Sunday, October 29, 2006

Notification & Consent Laws Reduce Teen Risks

A Florida State University news article 'Abortion notification, consent laws reduce risky teen sex' referenced a study whose results lend support to those advocating the passage of parental consent laws as a means of reducing risky sexual behavior. From the cited article:

"Jonathan Klick, the Jeffrey A. Stoops Professor of Law, and Thomas Stratmann, professor of economics at George Mason University, came to that conclusion after they looked at the rates of gonorrhea among teenage girls as a measure of risky sex in connection to the parental notification or consent laws that were in effect at the time.

The researchers found that teen gonorrhea rates dropped by an average of 20 percent for Hispanic girls and 12 percent for white girls in states where parental notification laws were in effect.
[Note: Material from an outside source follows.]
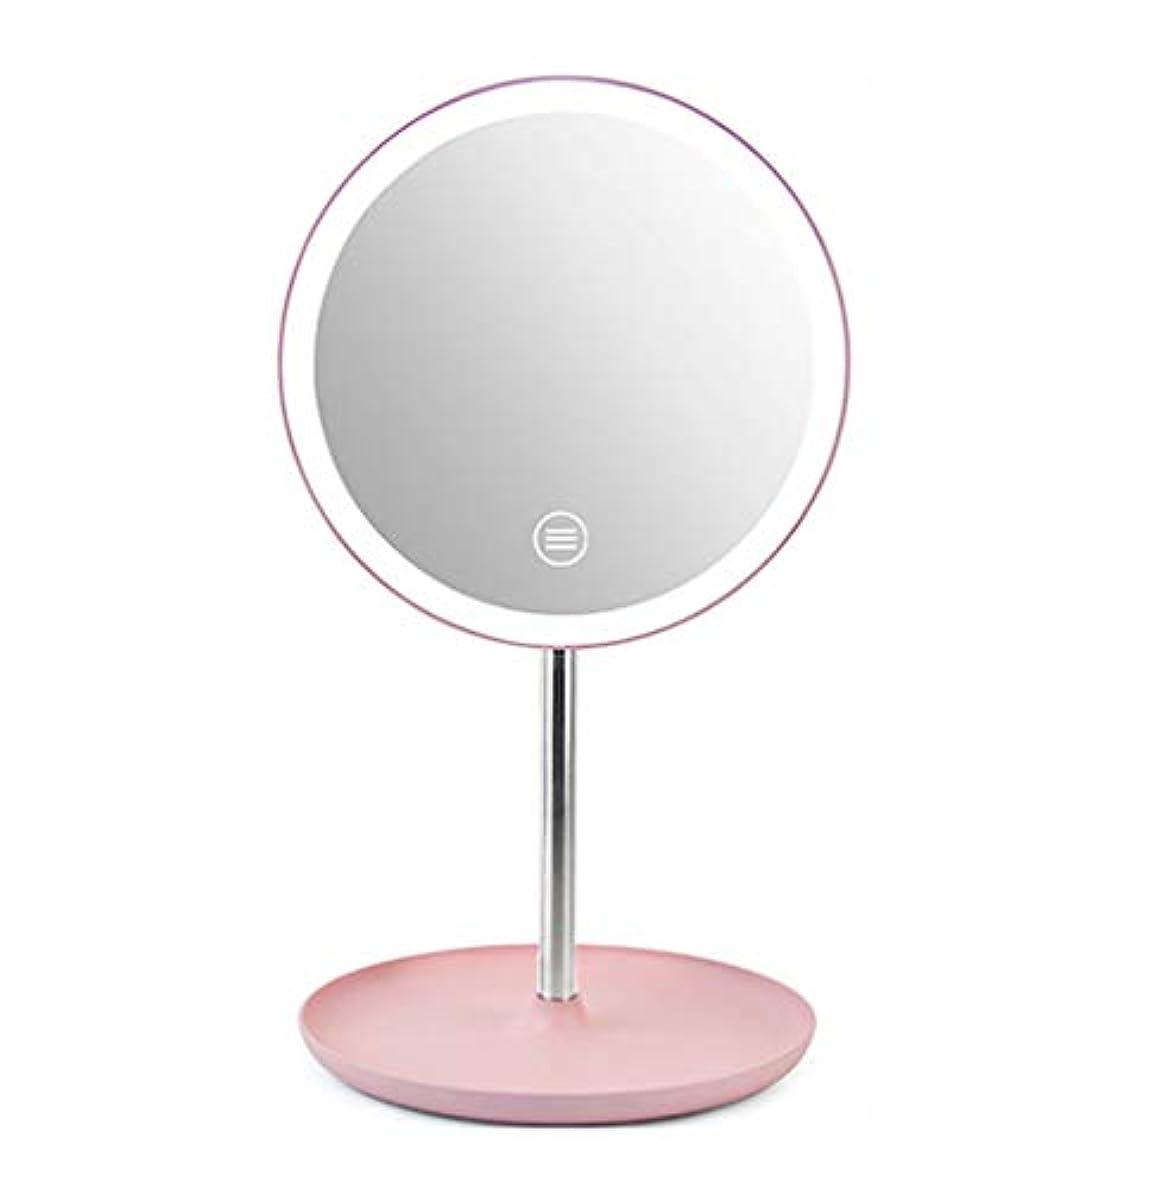 こねる軽蔑ブートLED化粧鏡コンパクト、スタンド付き化粧鏡LEDライト付き照明付きバニティミラー調光可能なタッチスクリーン卓上化粧鏡180°回転USB充電

The results were not statistically significant for black girls. The study will be published in an upcoming edition of The Journal of Law Economics and Organization.

"Incentives matter," Klick said. "They matter even in activities as primal as sex, and they matter even among teenagers, who are conventionally thought to be short-sighted. If the expected costs of risky sex are raised, teens will substitute less risky activities such as protected sex or abstinence."

In this case, the incentive for teens is to avoid having to tell their parents about a pregnancy by substituting less risky sex activities. In doing so, the researchers say, the rates of gonorrhea among girls under the age of 20 went down."